* _Your goal_: For the data below, retype word for word the lines from the one containing "Digital baggage courier Karaikudi to IIT Goa" through the one containing "Il lago Gouwzee"; drop the pictures.

Start of Task material

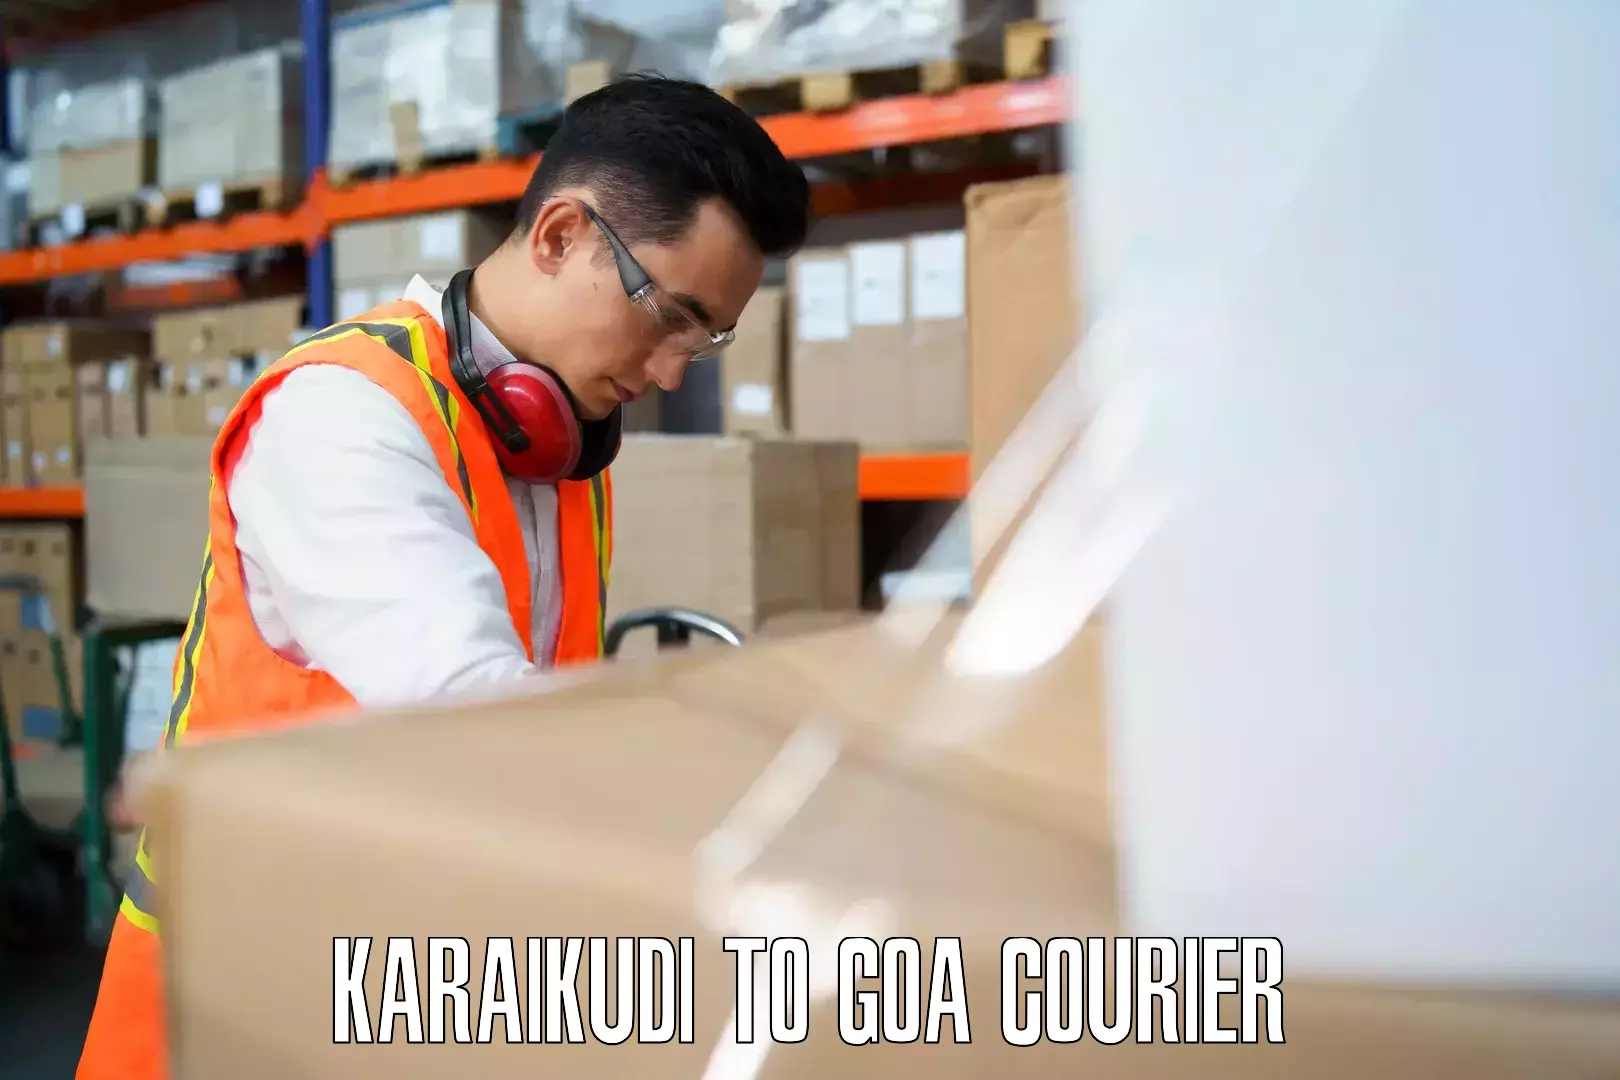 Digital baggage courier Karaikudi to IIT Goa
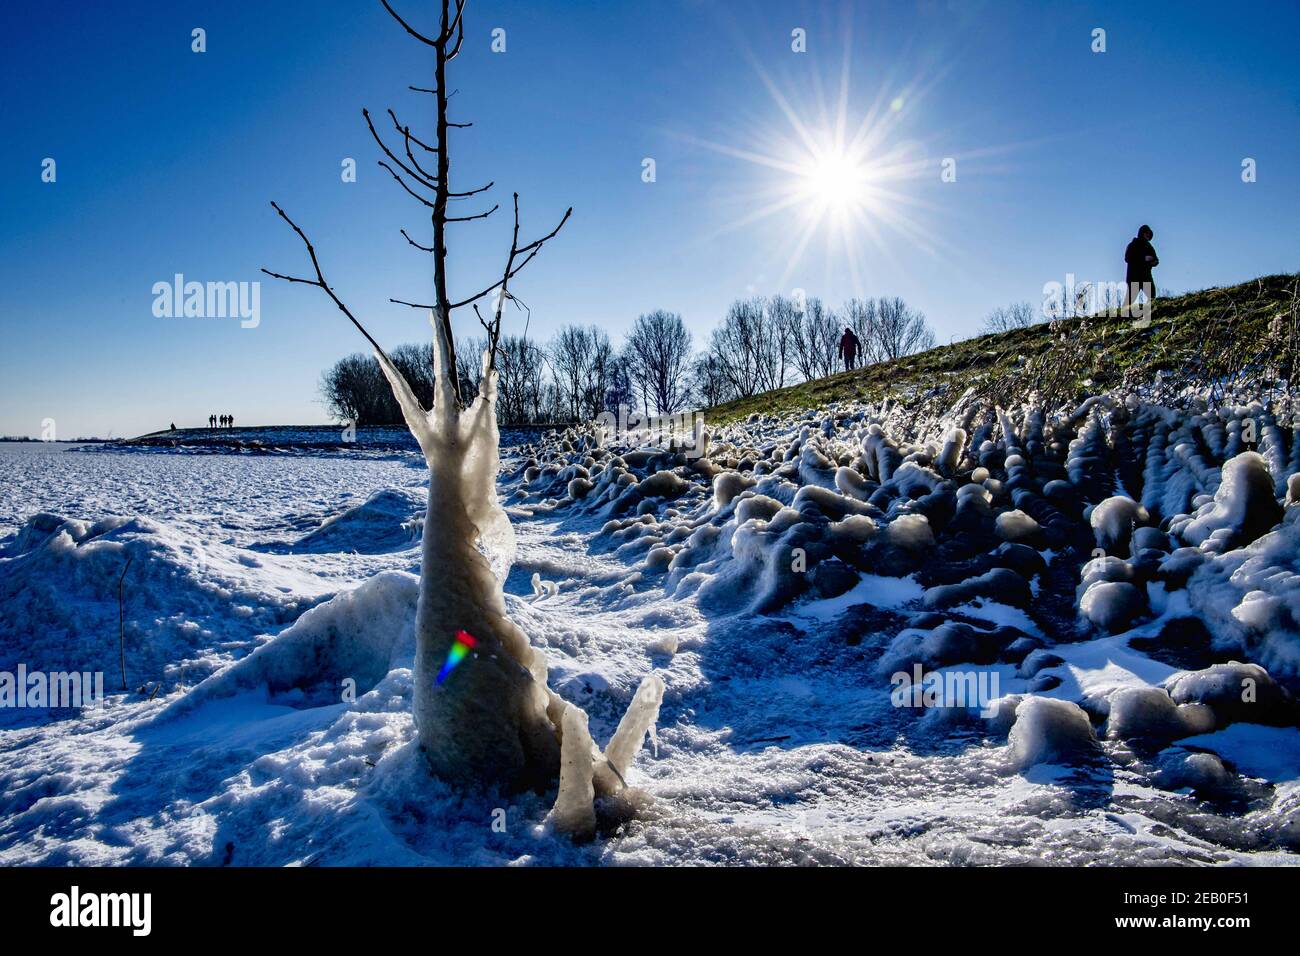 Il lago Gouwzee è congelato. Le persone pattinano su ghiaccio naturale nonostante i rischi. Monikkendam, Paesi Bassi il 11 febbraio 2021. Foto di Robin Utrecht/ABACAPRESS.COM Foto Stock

End of Task material
Start of Task material

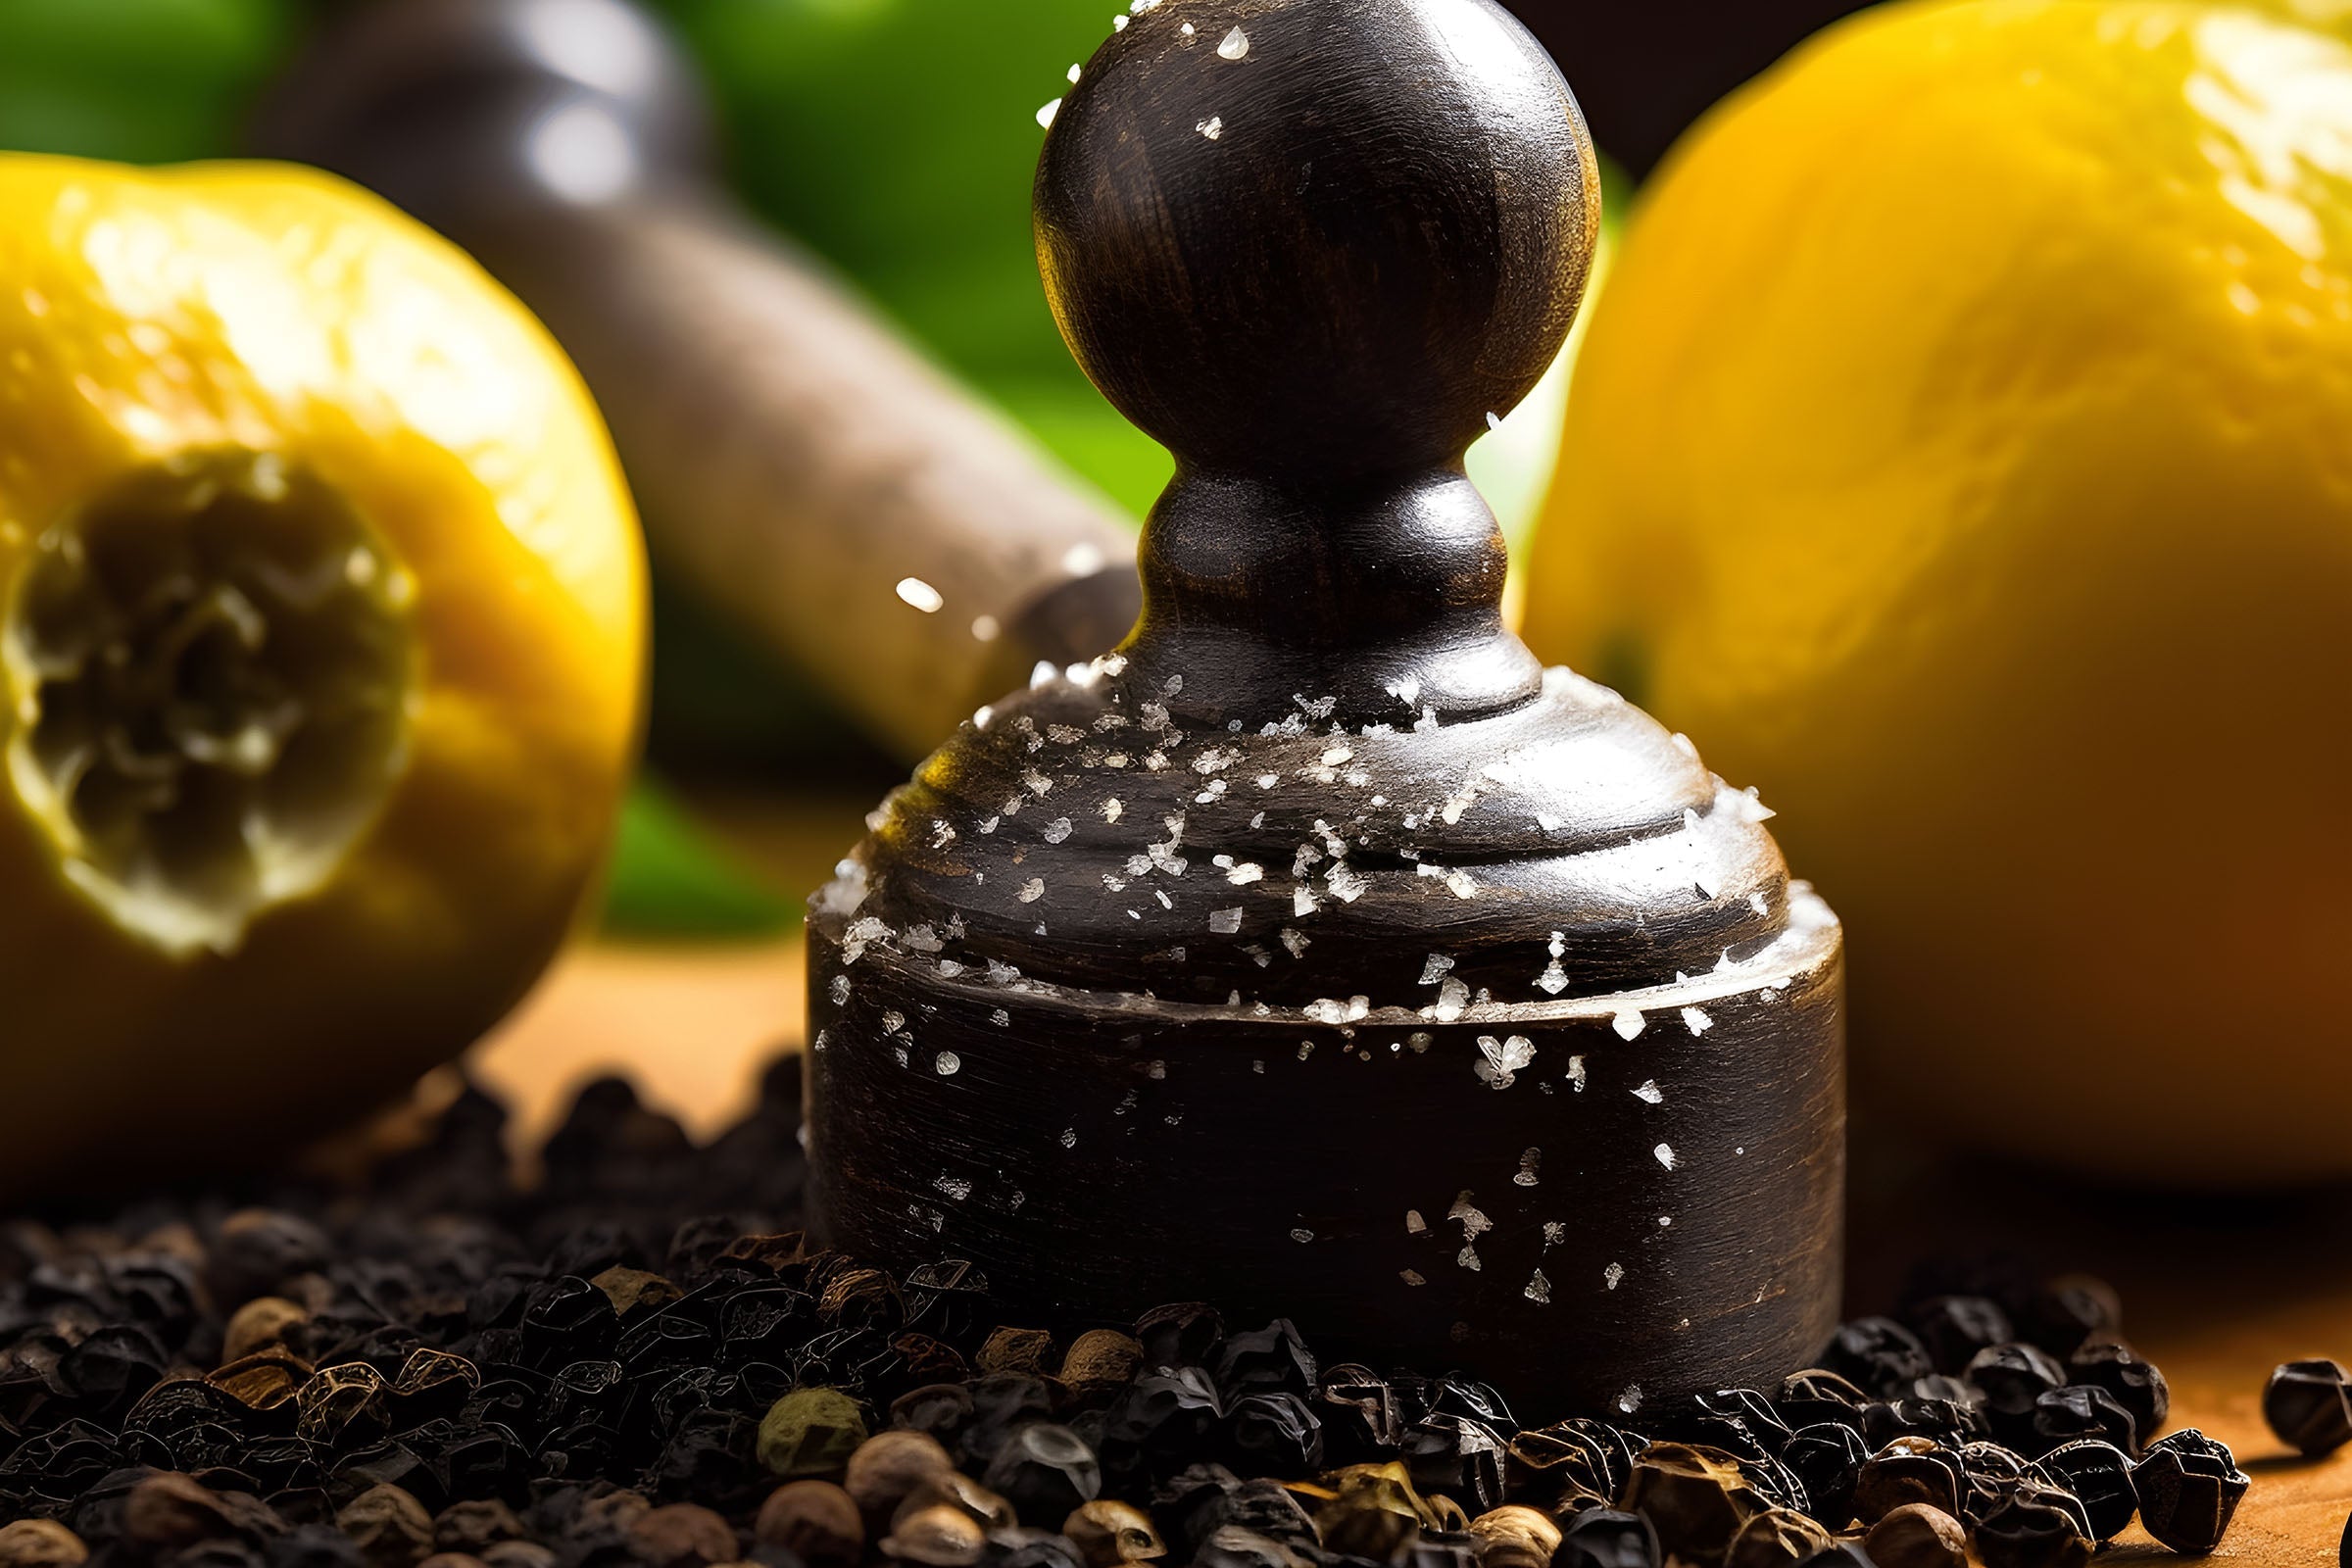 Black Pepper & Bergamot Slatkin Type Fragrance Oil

End of Task material
Start of Task material

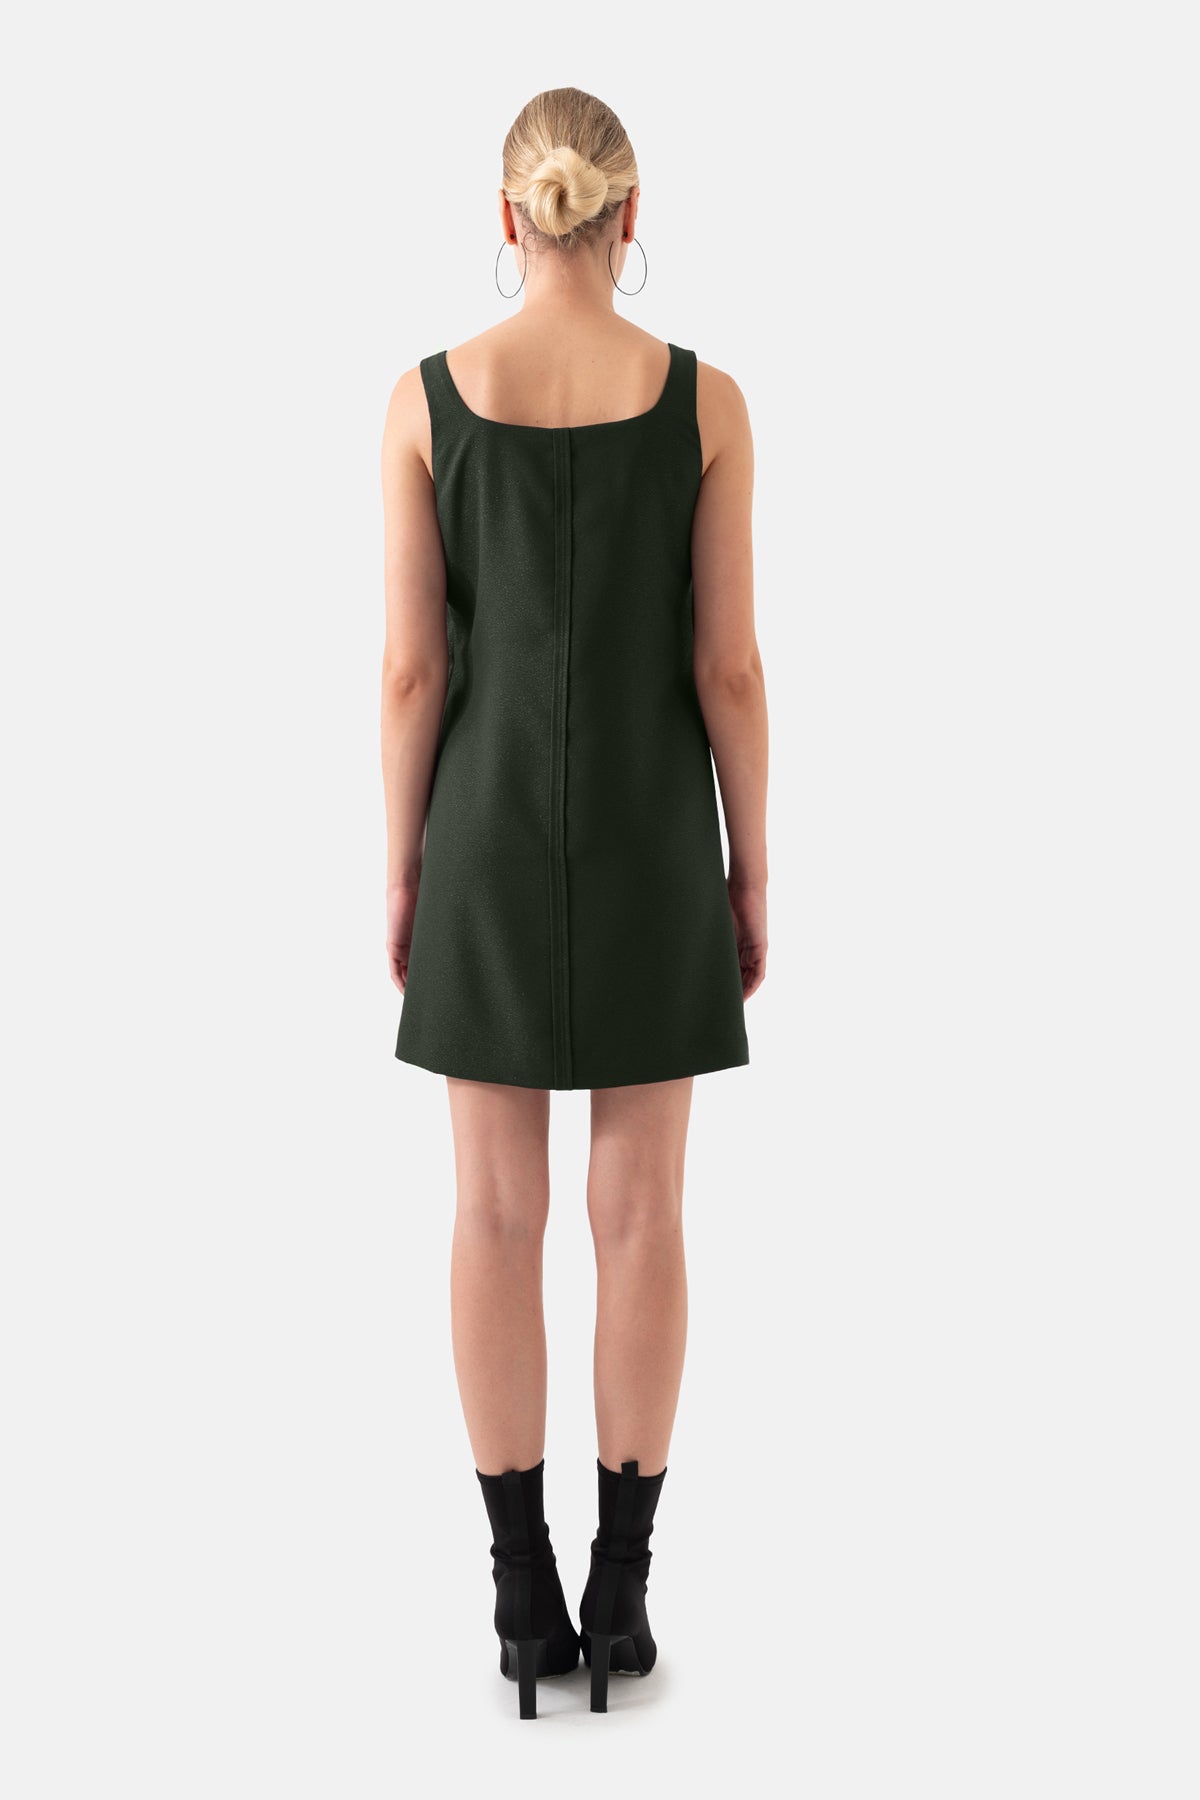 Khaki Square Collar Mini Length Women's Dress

End of Task material

* _Exercise result_:
 Digital baggage courier Karaikudi to IIT Goa
 Il lago Gouwzee è congelato. Le persone pattinano su ghiaccio naturale nonostante i rischi. Monikkendam, Paesi Bassi il 11 febbraio 2021. Foto di Robin Utrecht/ABACAPRESS.COM Foto Stock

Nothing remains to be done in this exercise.